Content starts

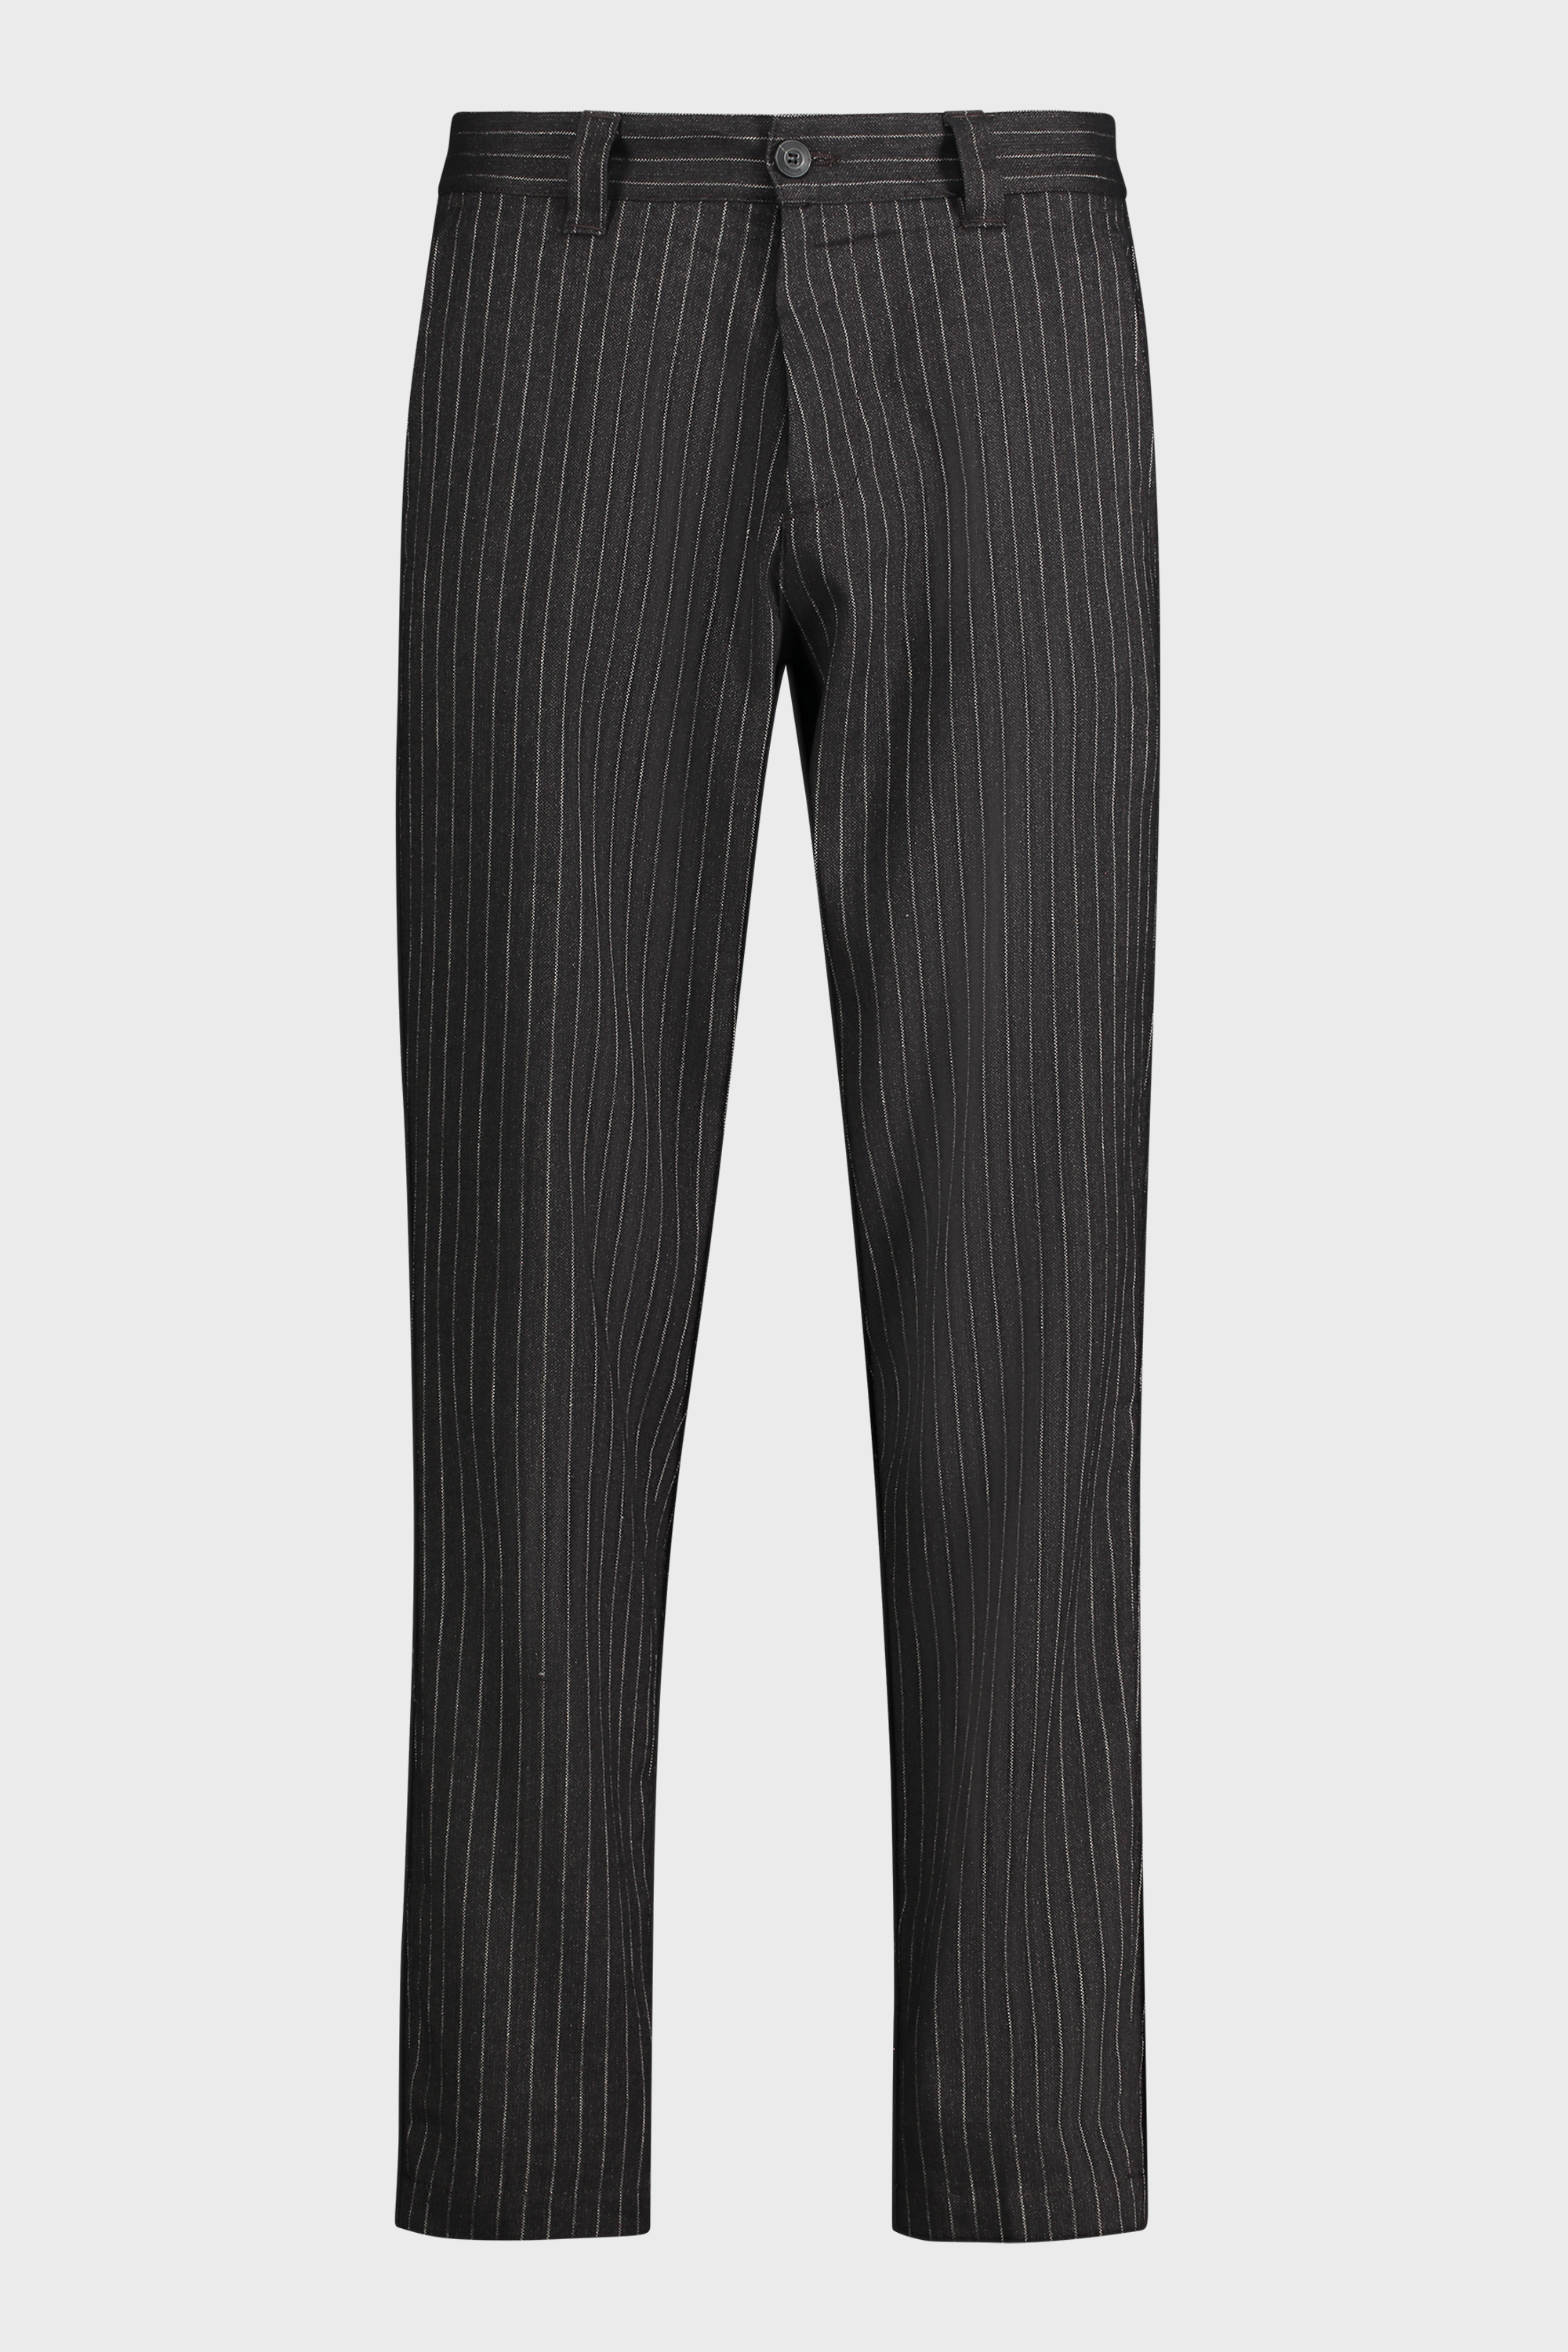 Buy Men Grey Slim Fit Stripe Flat Front Formal Trousers Online - 783644 |  Louis Philippe
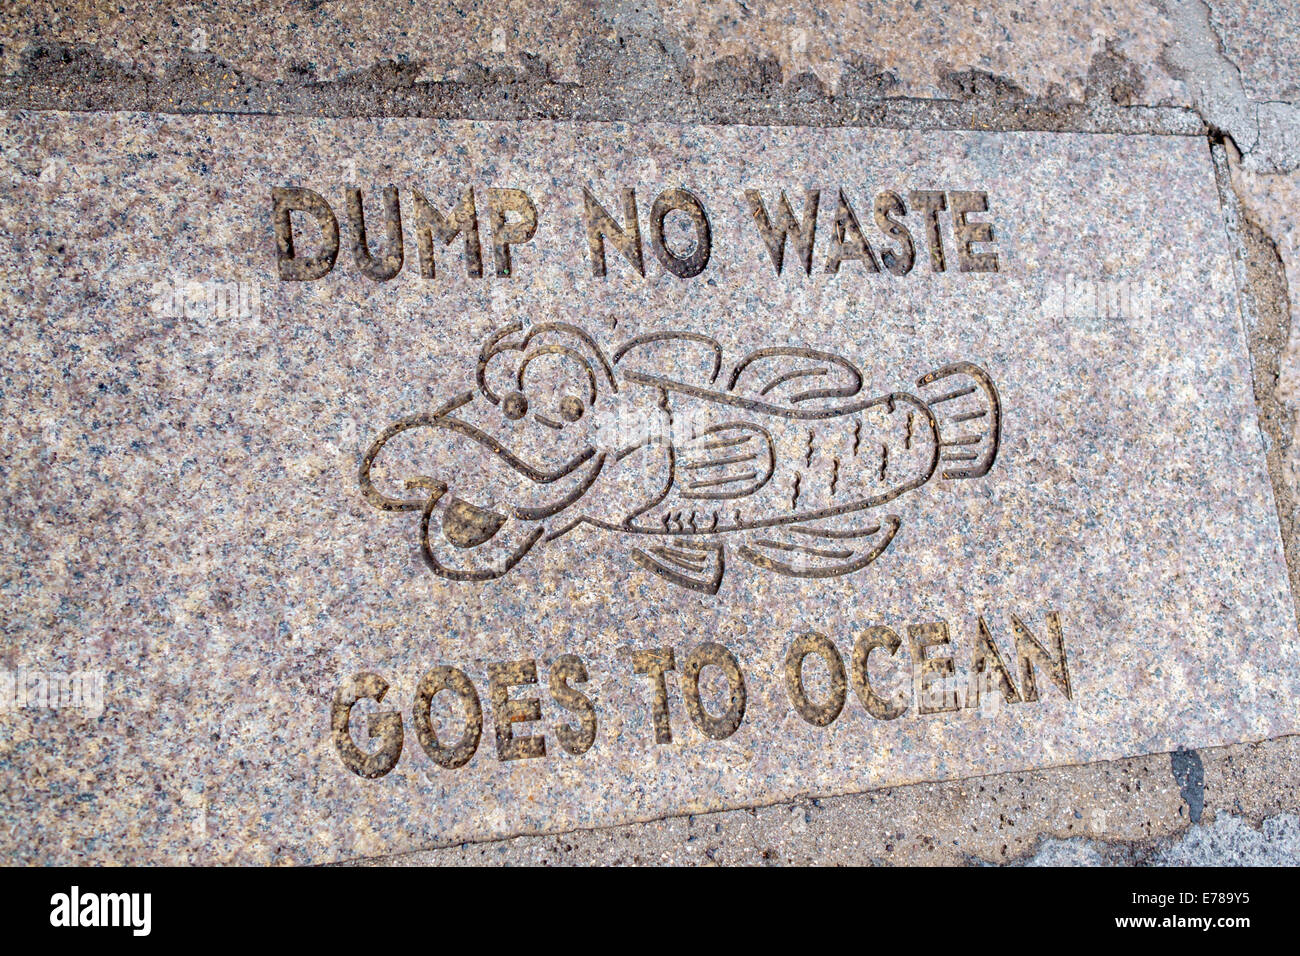 Hawaii,Hawaiian,Oahu,Honolulu,Chinatown,dump no waste goes to ocean,gutter,sign,warning,pollution,preventing,USA,US,United,States,America Polynesia,HI Stock Photo
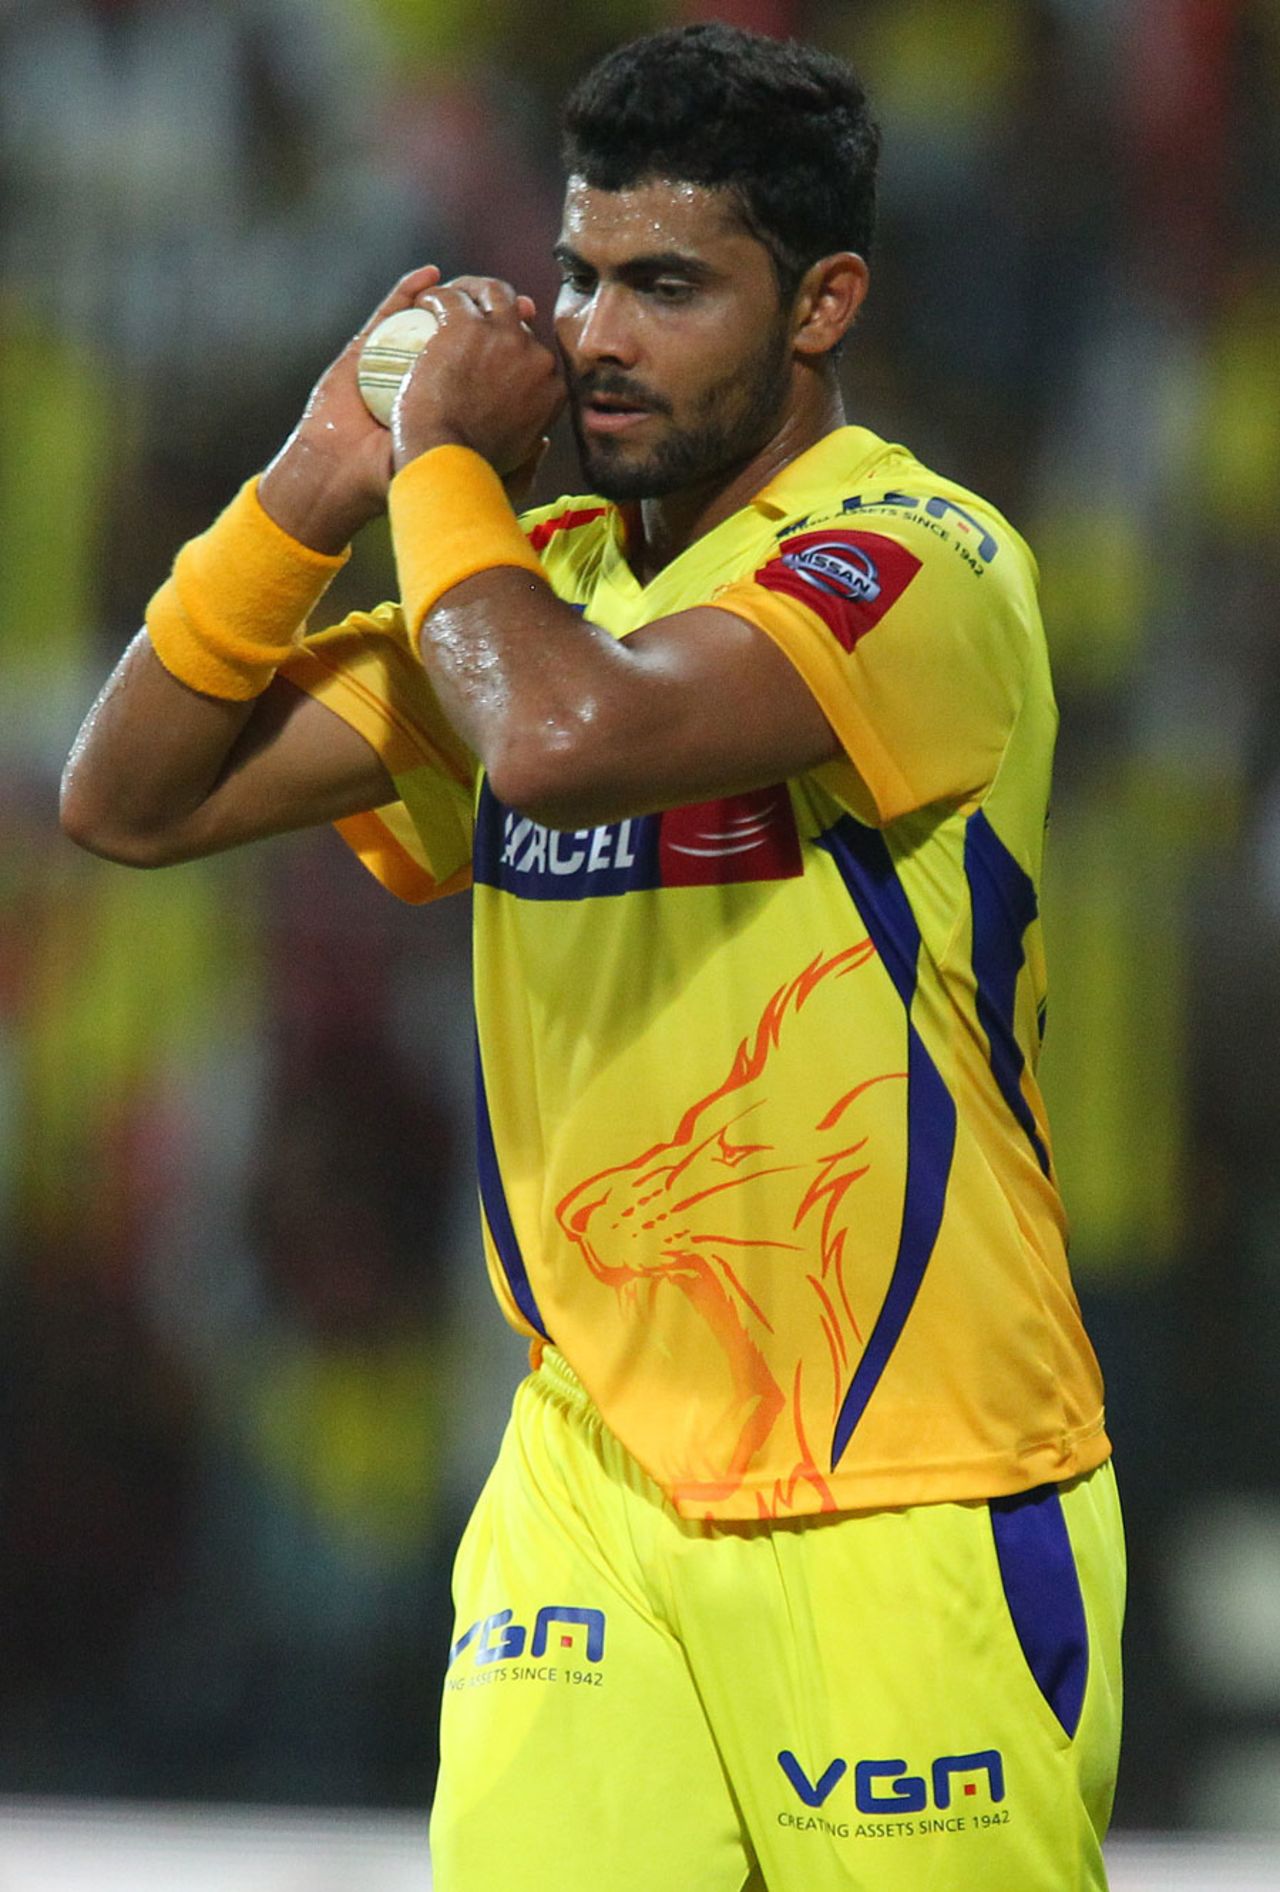 Ravindra Jadeja completes a catch, Chennai Super Kings v Pune Warriors, IPL, Pune, April 15, 2013

Content ends

= WHAT YOU WILL DO =
Print the listing exactly. No pictures belong in the copy.

= RESPONSE BOX =
 Buy Men Grey Slim Fit Stripe Flat Front Formal Trousers Online - 783644 |  Louis Philippe
 Hawaii,Hawaiian,Oahu,Honolulu,Chinatown,dump no waste goes to ocean,gutter,sign,warning,pollution,preventing,USA,US,United,States,America Polynesia,HI Stock Photo
 Ravindra Jadeja completes a catch, Chennai Super Kings v Pune Warriors, IPL, Pune, April 15, 2013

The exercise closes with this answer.